Enquanto isto, a extrema esquerda pratica uma oposição permanente ao governo socialista, por vezes, confundem inimigo político com adversário político reproduzindo praticamente o mesmo discurso da direita. Em vez de fazer criticas construtiva e elaborar propostas que possam oferecer alternativas viáveis para tirar a França da crise econômica e propor outra política de desenvolvimento, eles contribuem para aumentar a divisão no campo da esquerda e sua própria fragilidade no confronto com a direita. Eles não se apresentam como alternativa credível. A perda de muitas municipalidades nas ultimas eleições demonstrou que quando a esquerda não busca elaborar estratégias políticas baseada em algumas convergências que assegure um programa de governabilidade, a direita sai sempre vitoriosa.

Além disso, falta também uma estratégia política para frear o avanço da extrema direita na conquista do eleitorado popular. Pelo menos conjuntamente eles deveriam se questionar porque o discurso da extrema direita ganha legitimidade junto aos meios de comunicação e junto ao eleitorado operário antes a maioria militante do partido comunista francês.  Num momento que a extrema direita avança na conquista do poder os partidos de esquerda se dividem quanto à estratégia política para pressionar o governo socialista a corrigir sua guinada ideológica à direita sabendo que muitos militantes socialistas segundo pesquisas desaprovam a posição atual do governo.

Nas ultimas décadas a política francesa prima pela racionalidade, seus governos de direita e da social democracia vão aos poucos destruindo o modelo social francês. Lhes falta uma concepção no modo de fazer política, do qual se supõe que todo projeto político dentro de uma sociedade complexa visa a buscar soluções capazes de ordenar de modo mais justo a vida social.
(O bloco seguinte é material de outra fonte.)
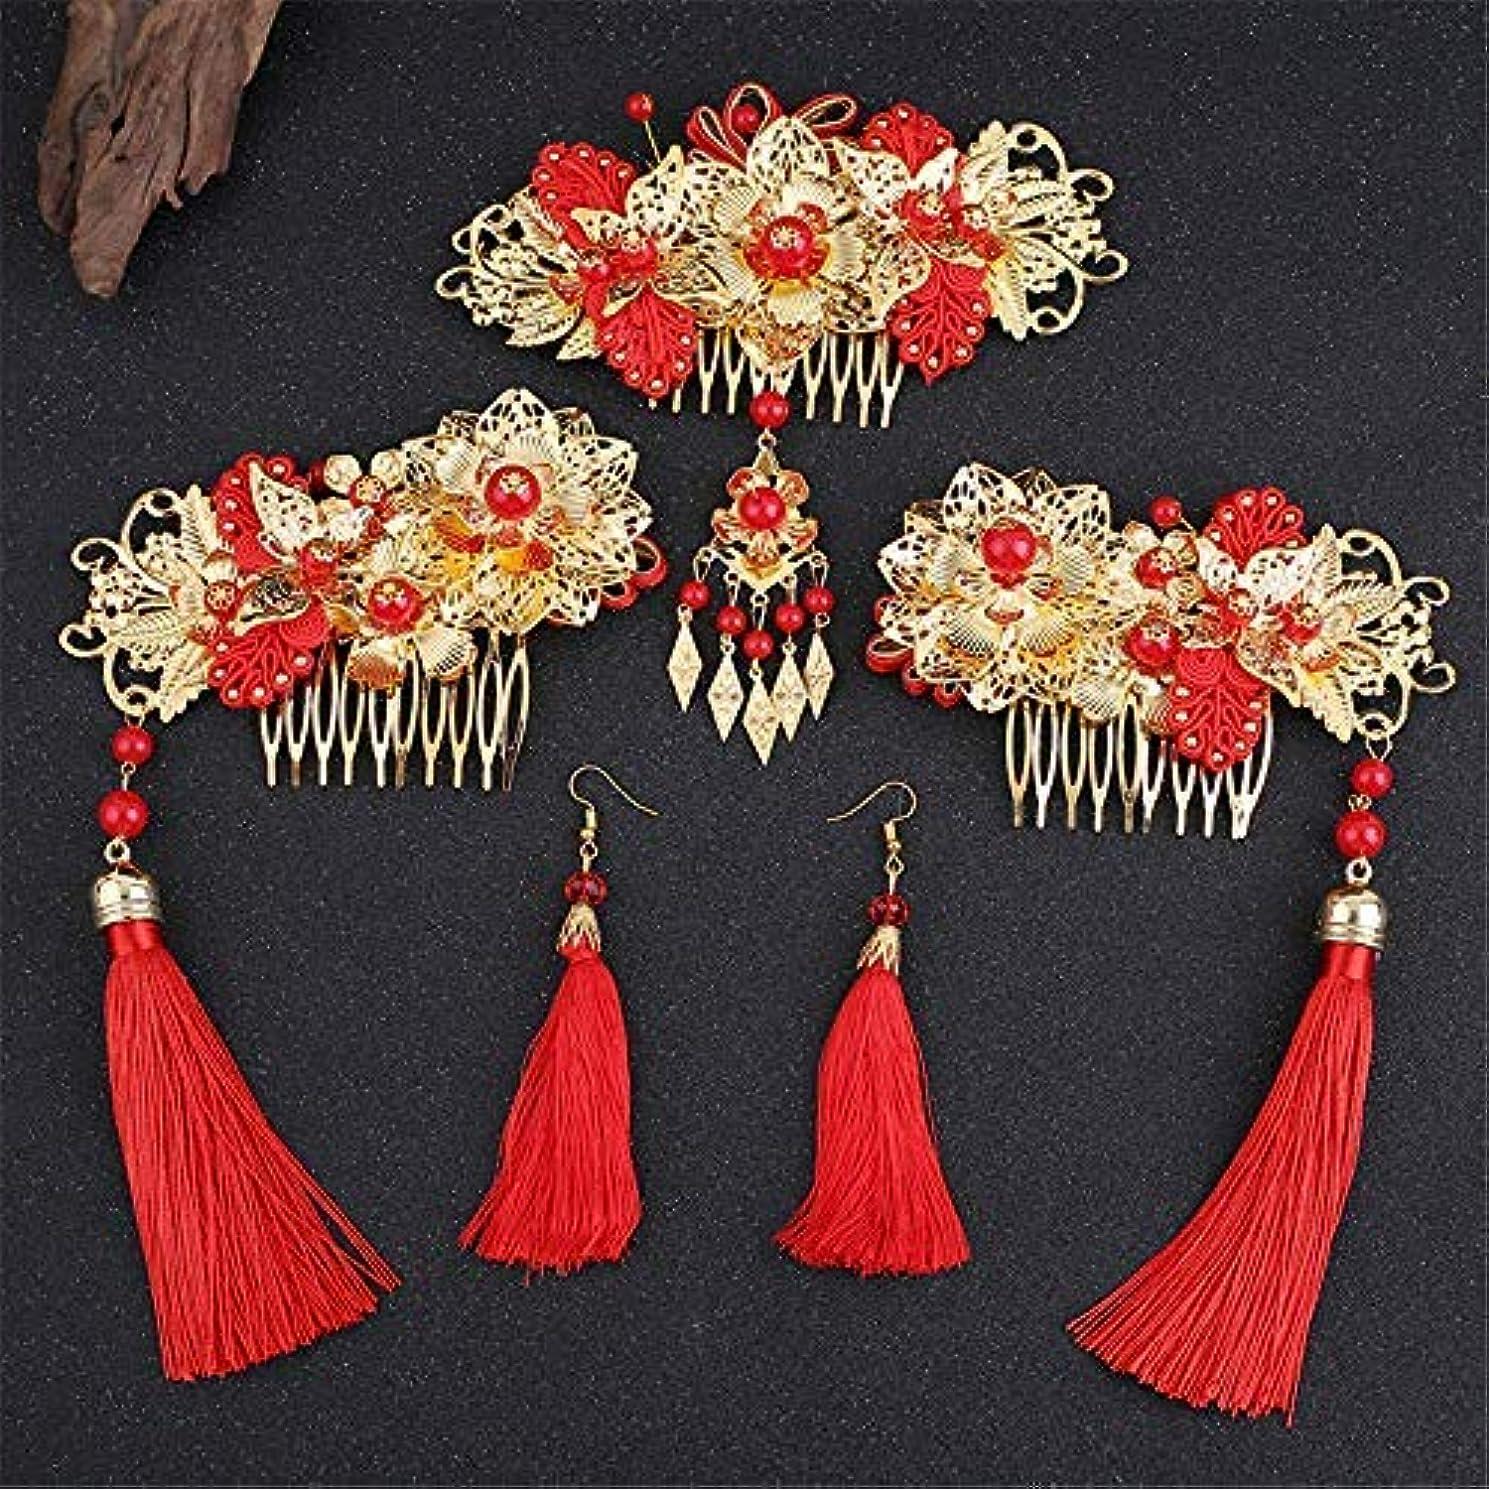 ハント花に水をやる噴水Wedding Classical Traditional Chinese Wedding Bride Hair Accessory With Combs wedding accessories [並行輸入品]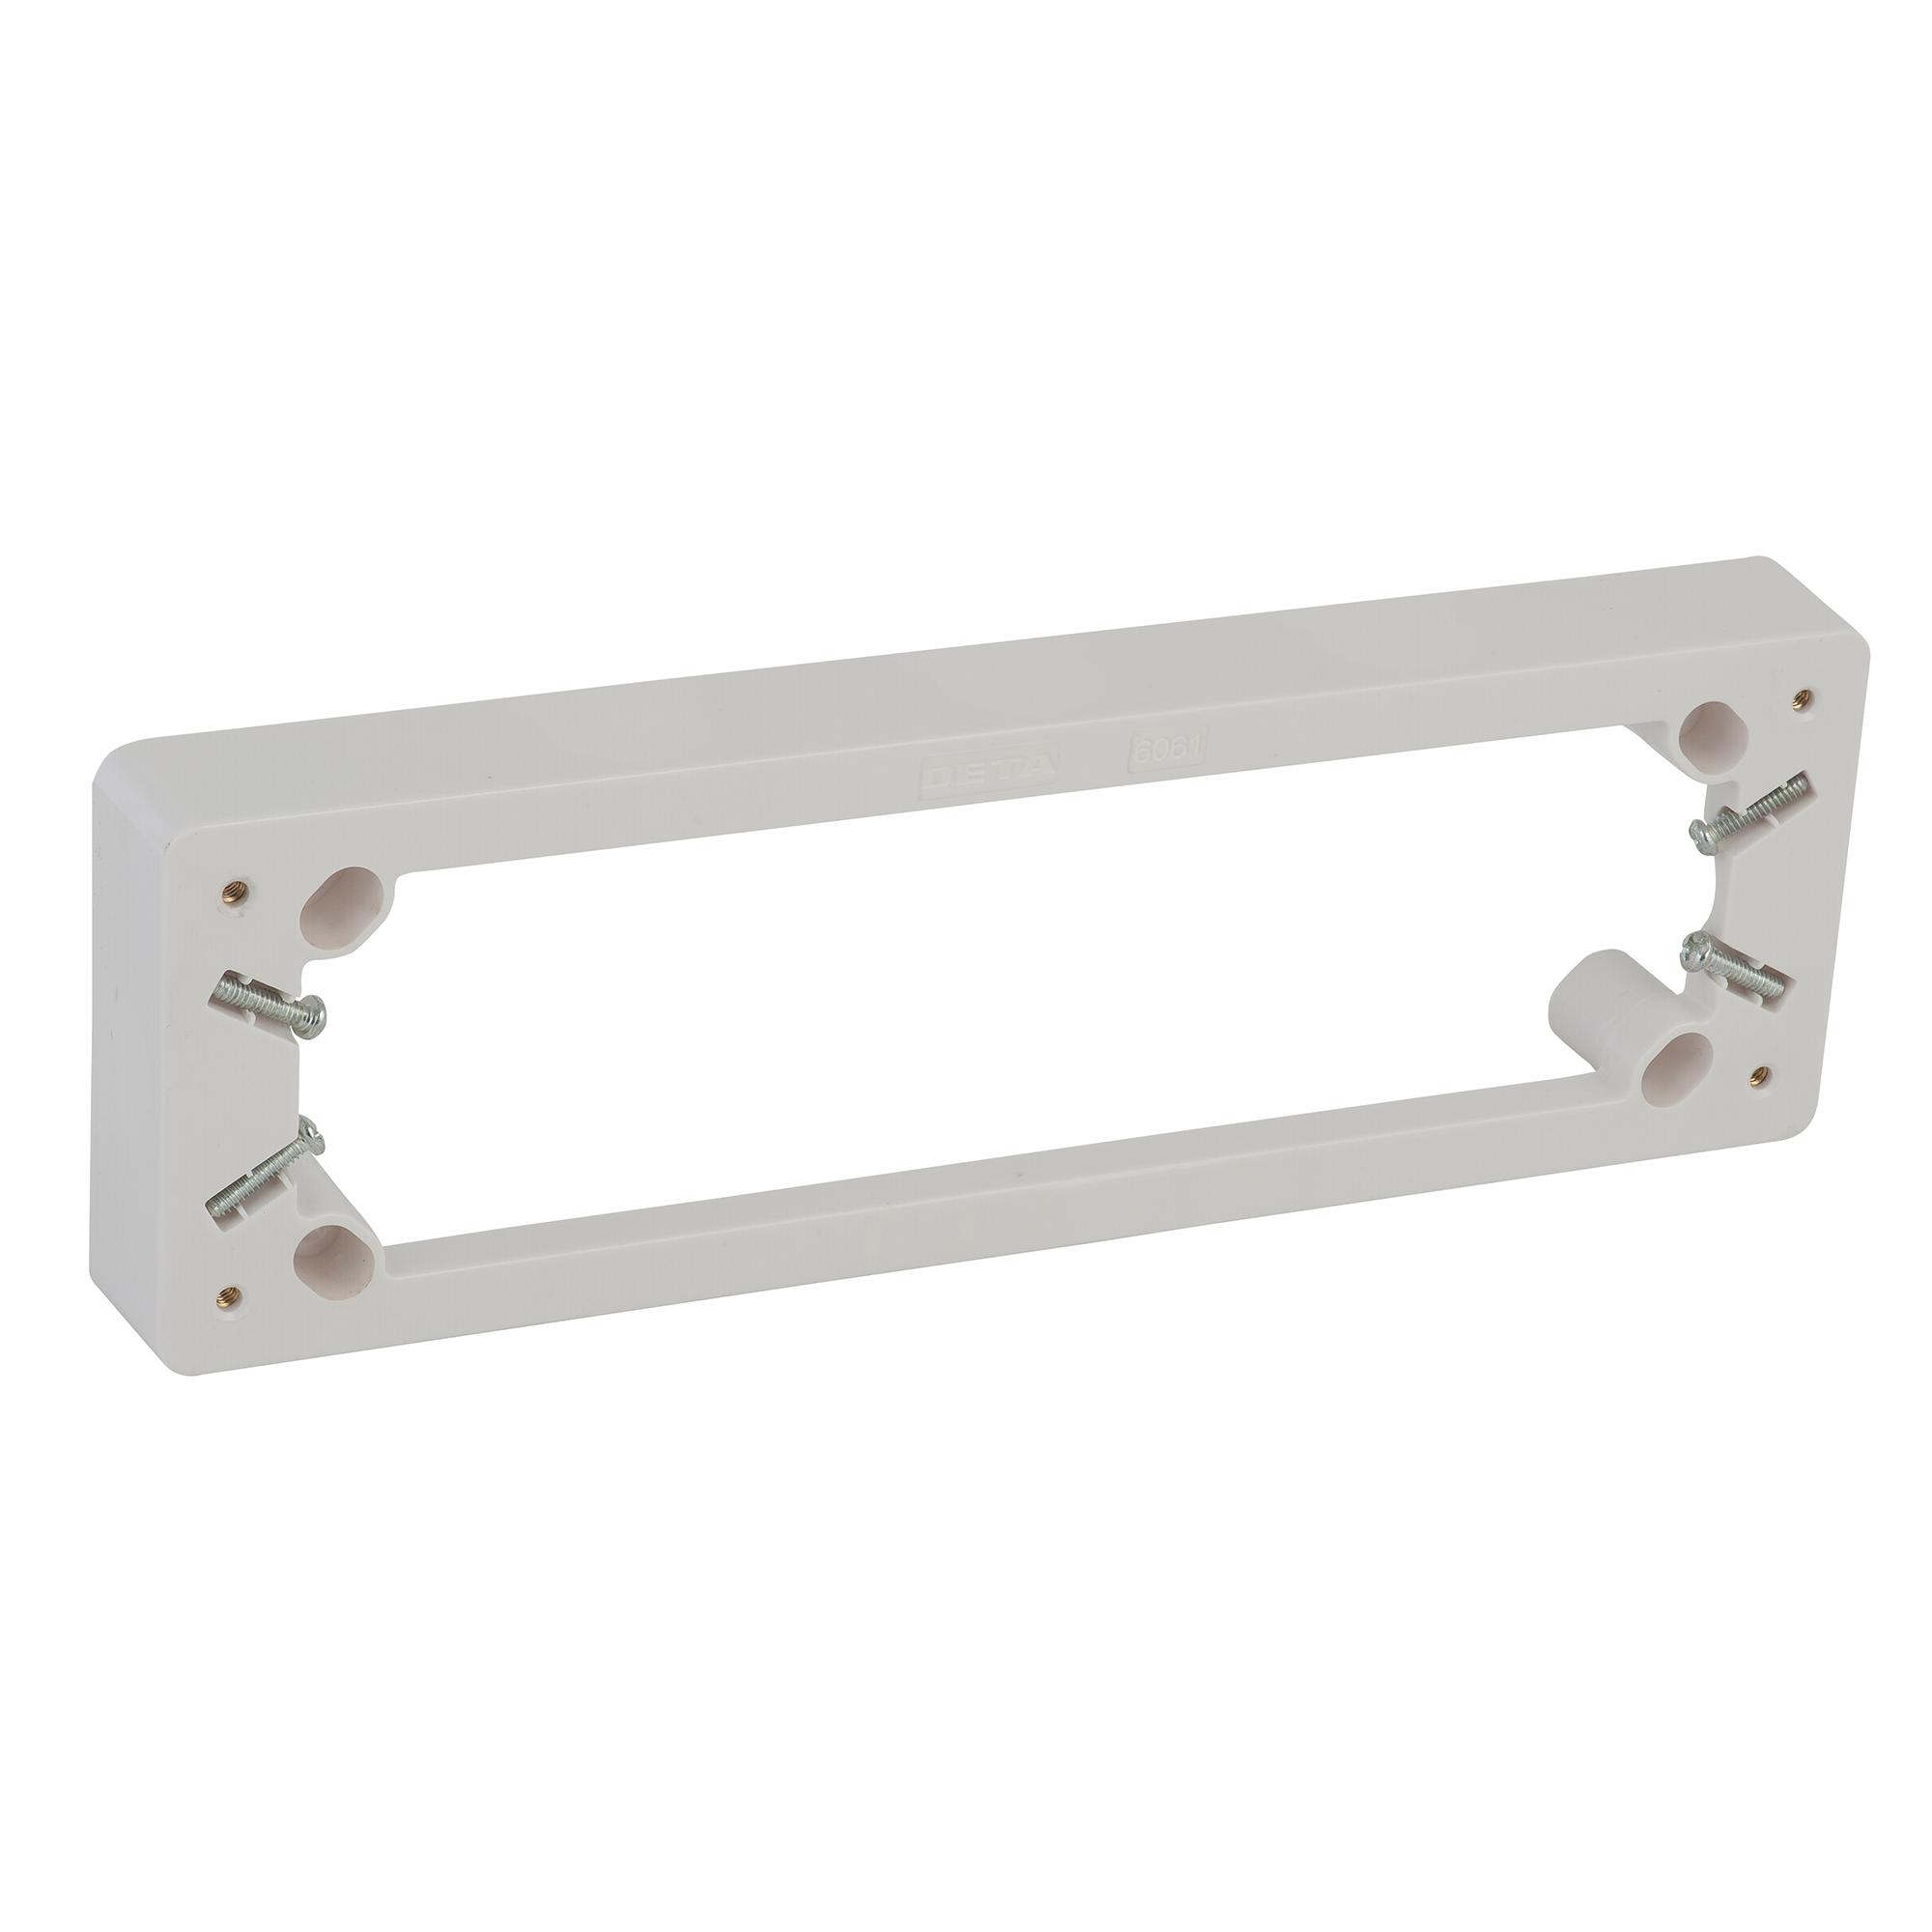 Deta 5 outlet mounting block

Mesmo sabendo que a política é feita de interesses contraditórios, para um homem de esquerda, o poder teria que ser idealmente justo na busca do bem comum. Porém, o interesse geral, na terra de Jaurés onde os direitos humanos foram proclamados vai sendo aos poucos substituído pelo interesse do grande capital.

Restam três anos ao Presidente François Hollande para reconquistar seu eleitorado e pensar o porquê de sua impopularidade tanto à direita como junto à esquerda, caso contrario, ele enterra por completo o ideal socialista defendido por Jaurés. Nesse ano de aniversario da morte de Jean Jaurés vale à pena lembrar uma de suas frases: A coragem é ir ao ideal e entender a realidade.

Marilza de Melo Foucher é doutora em Economia, jornalista e correspondente do Correio do Brasil em Paris.